● **Task details**: Print the listing below verbatim, passing over each picture.

● **Given information**:
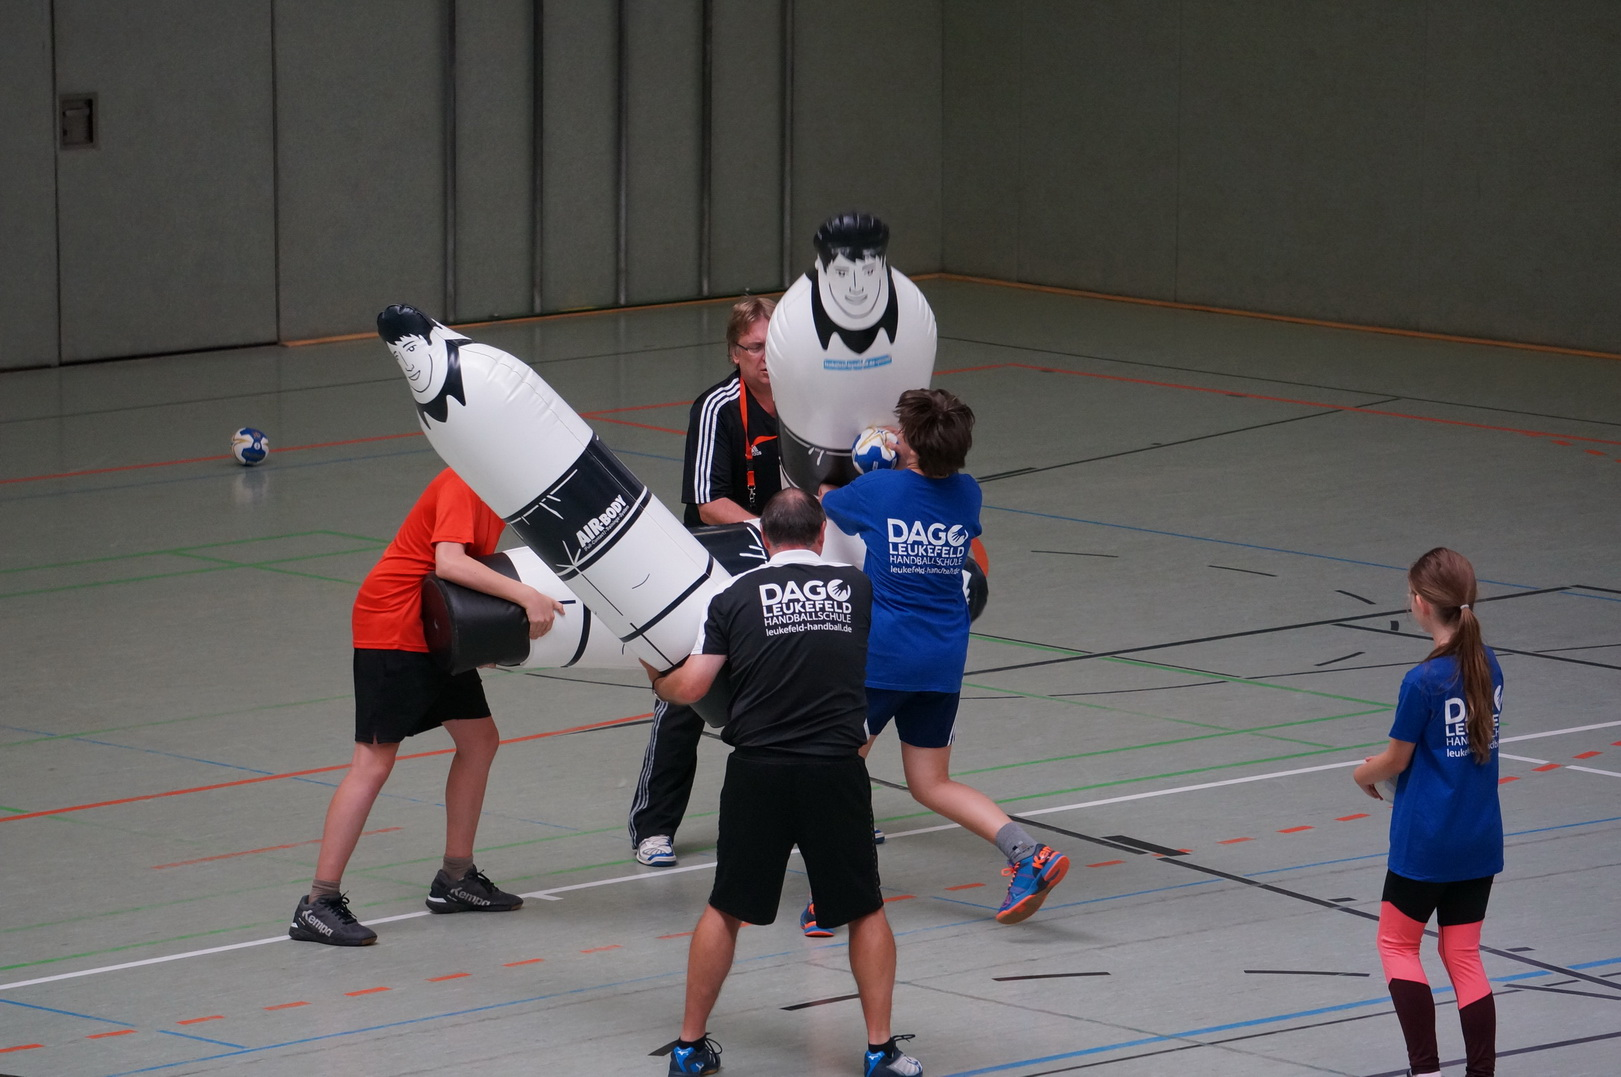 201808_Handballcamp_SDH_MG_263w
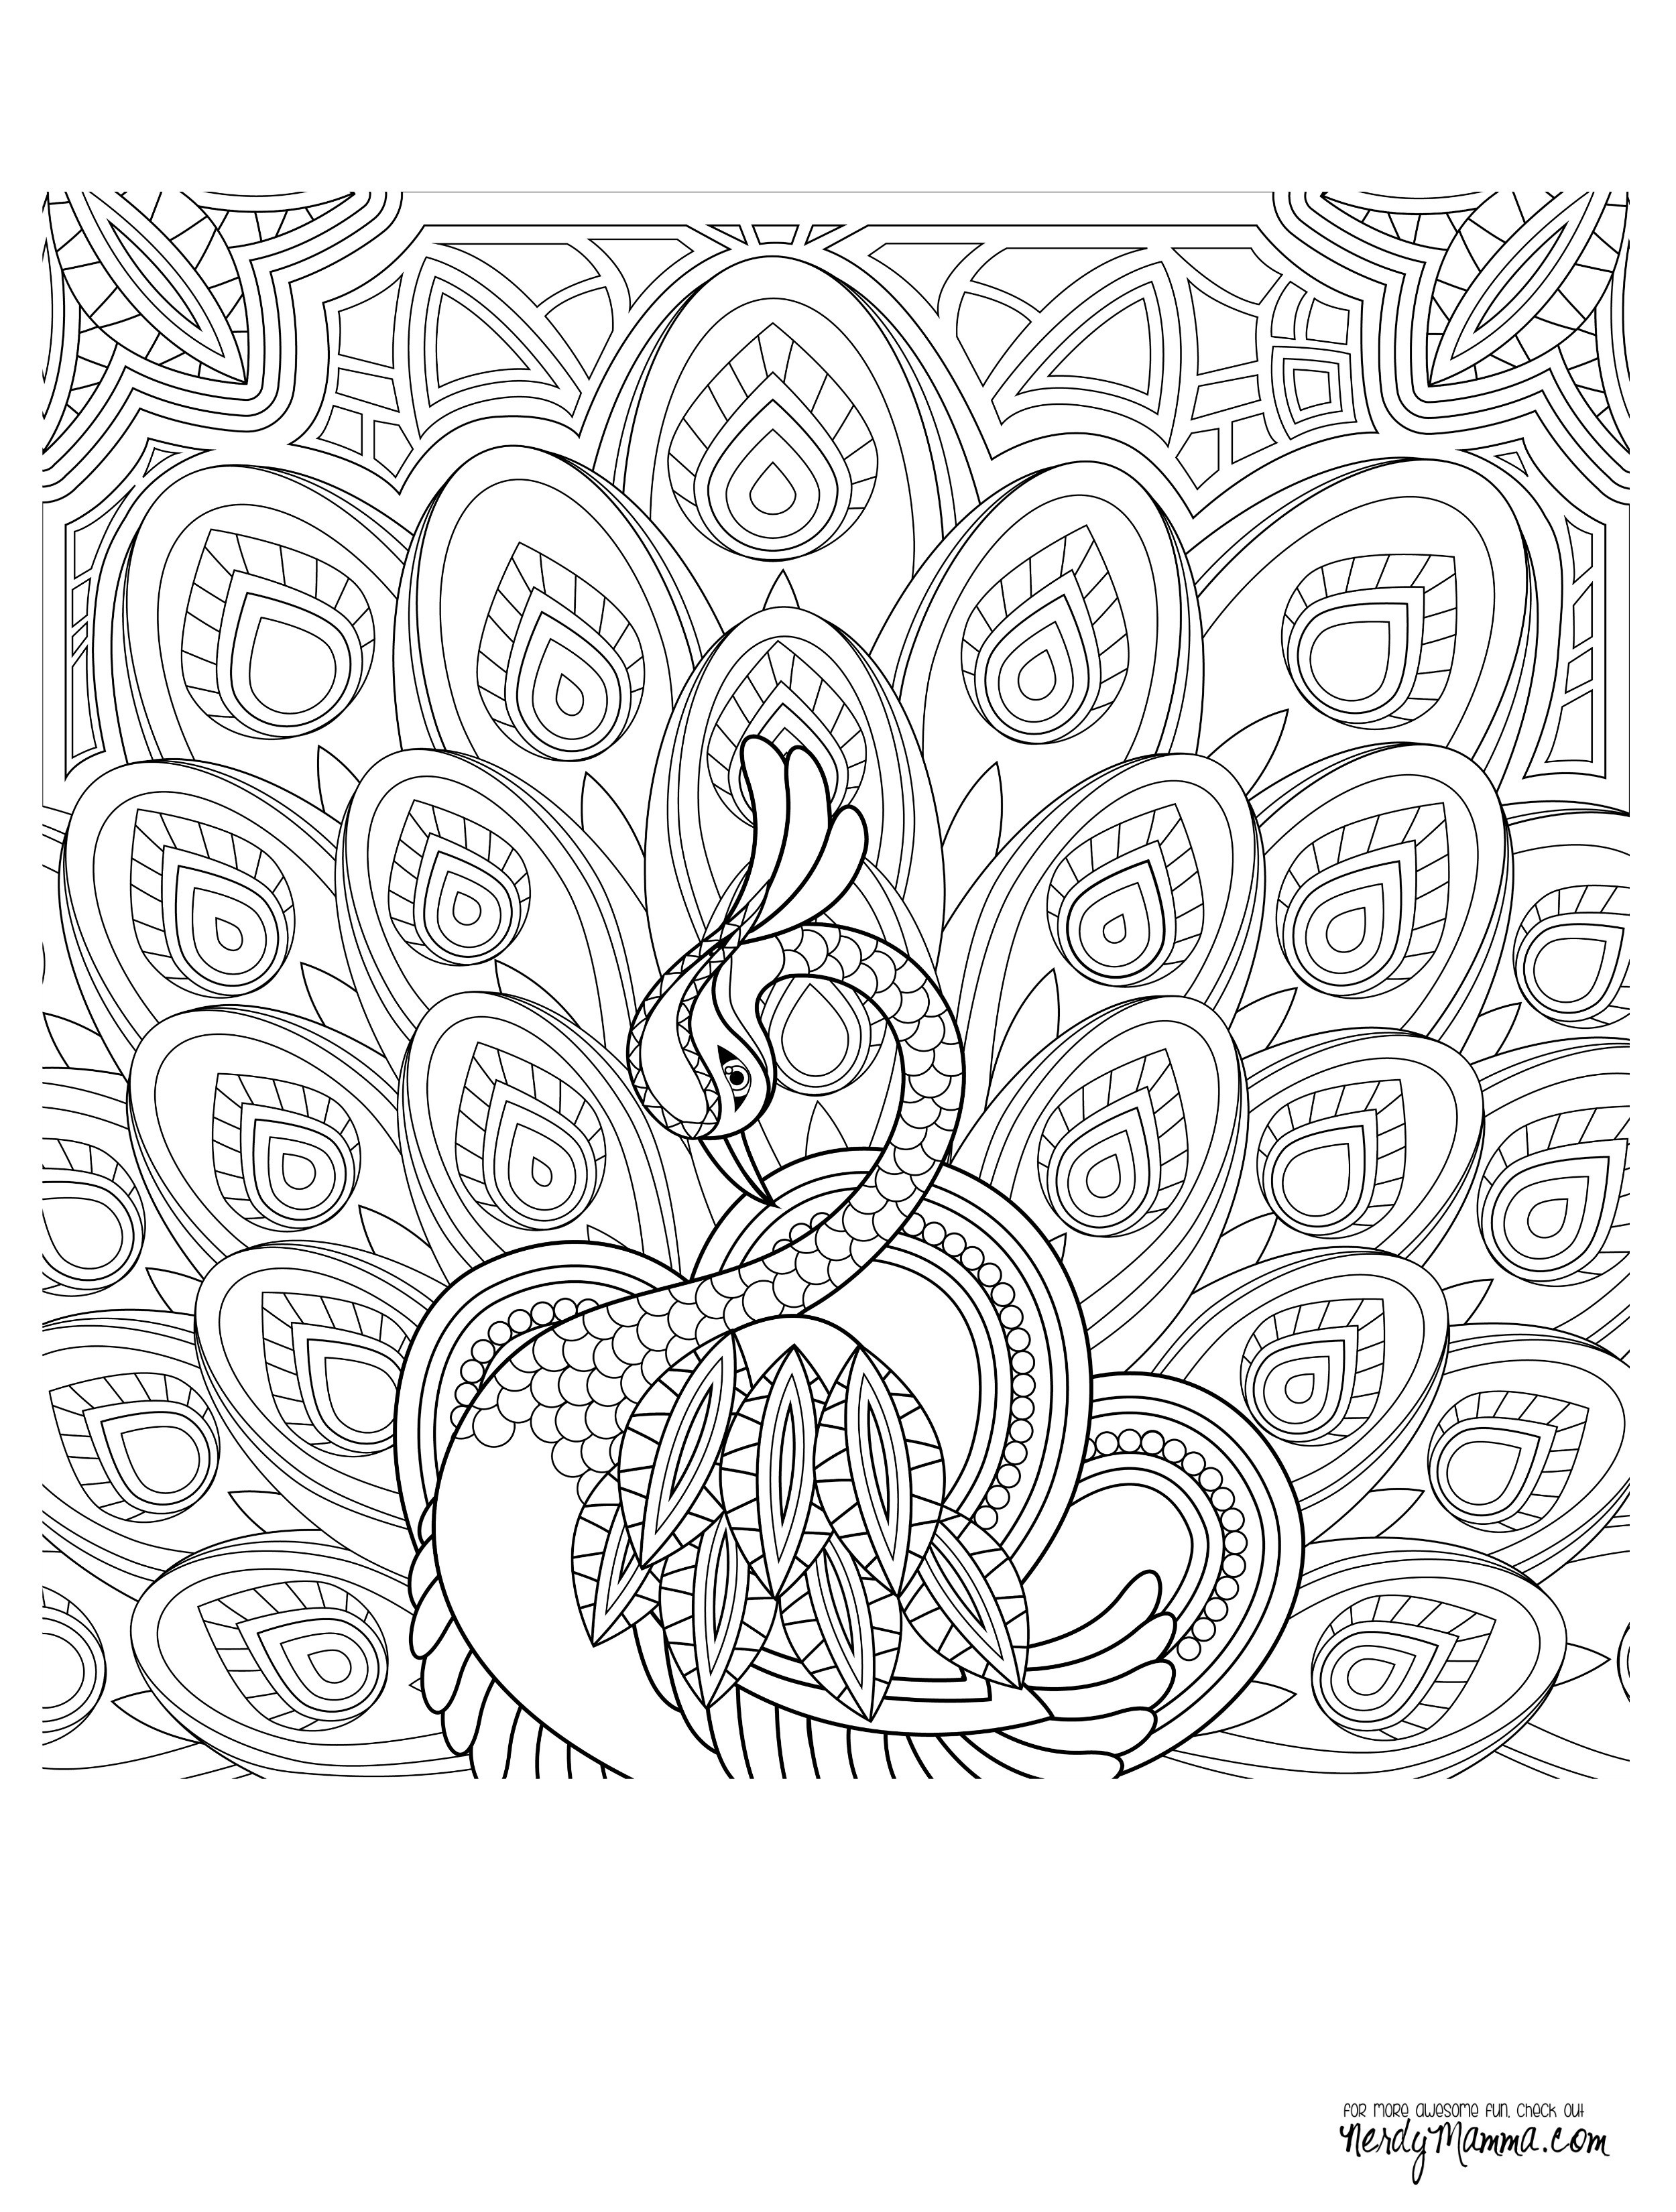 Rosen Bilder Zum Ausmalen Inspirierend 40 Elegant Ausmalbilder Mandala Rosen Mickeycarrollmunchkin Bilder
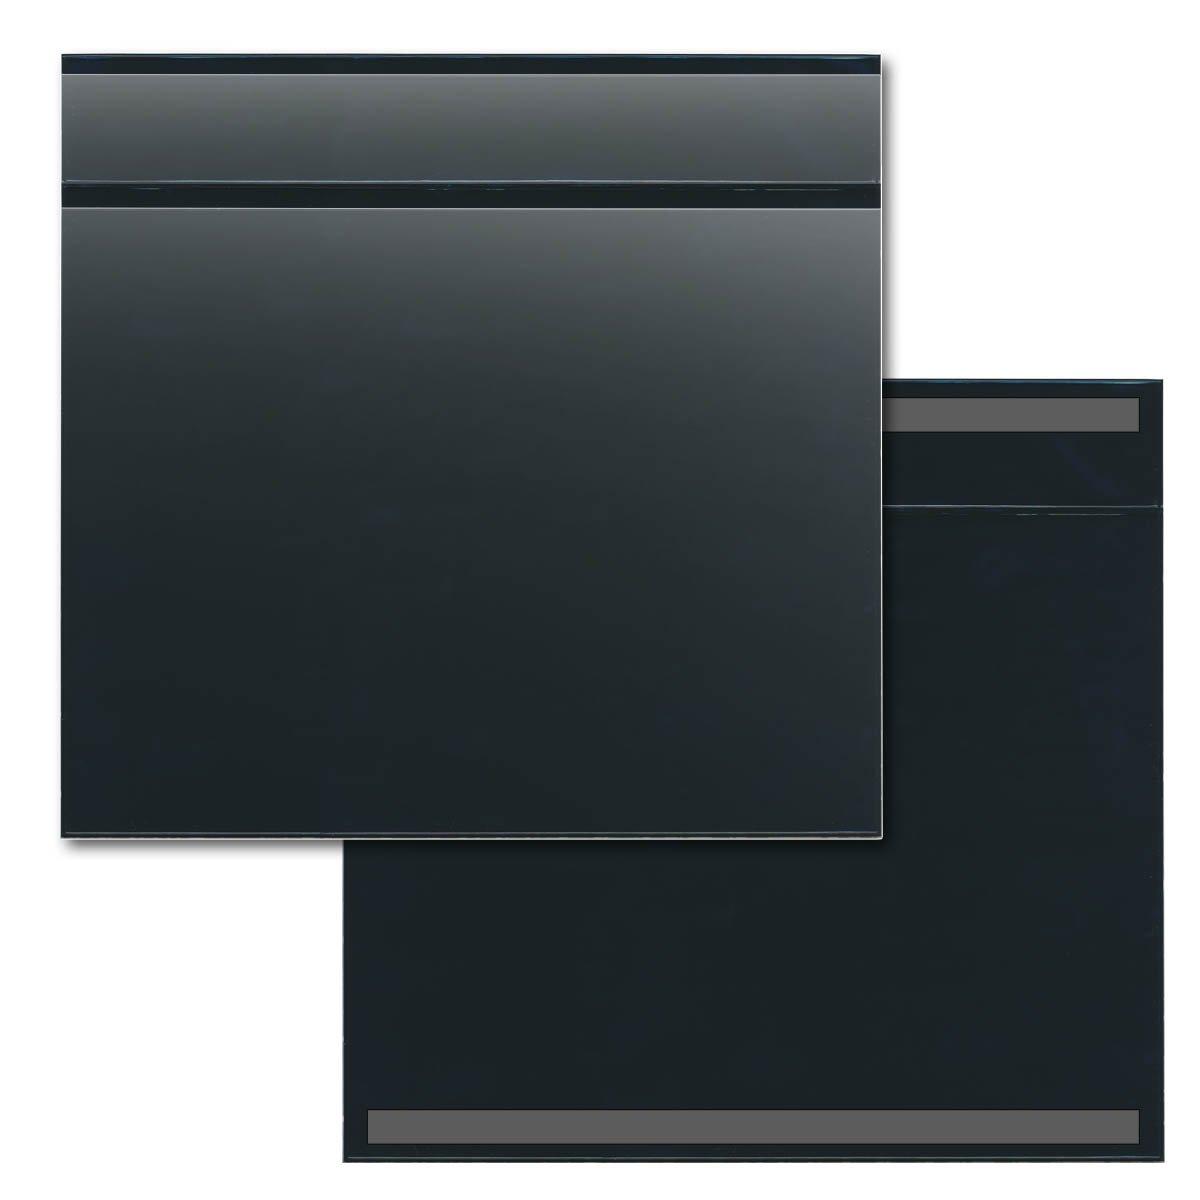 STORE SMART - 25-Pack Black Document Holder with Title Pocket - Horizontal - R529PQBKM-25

● **Final answer**:
 201808_Handballcamp_SDH_MG_263w
 Rosen Bilder Zum Ausmalen Inspirierend 40 Elegant Ausmalbilder Mandala Rosen Mickeycarrollmunchkin Bilder
 STORE SMART - 25-Pack Black Document Holder with Title Pocket - Horizontal - R529PQBKM-25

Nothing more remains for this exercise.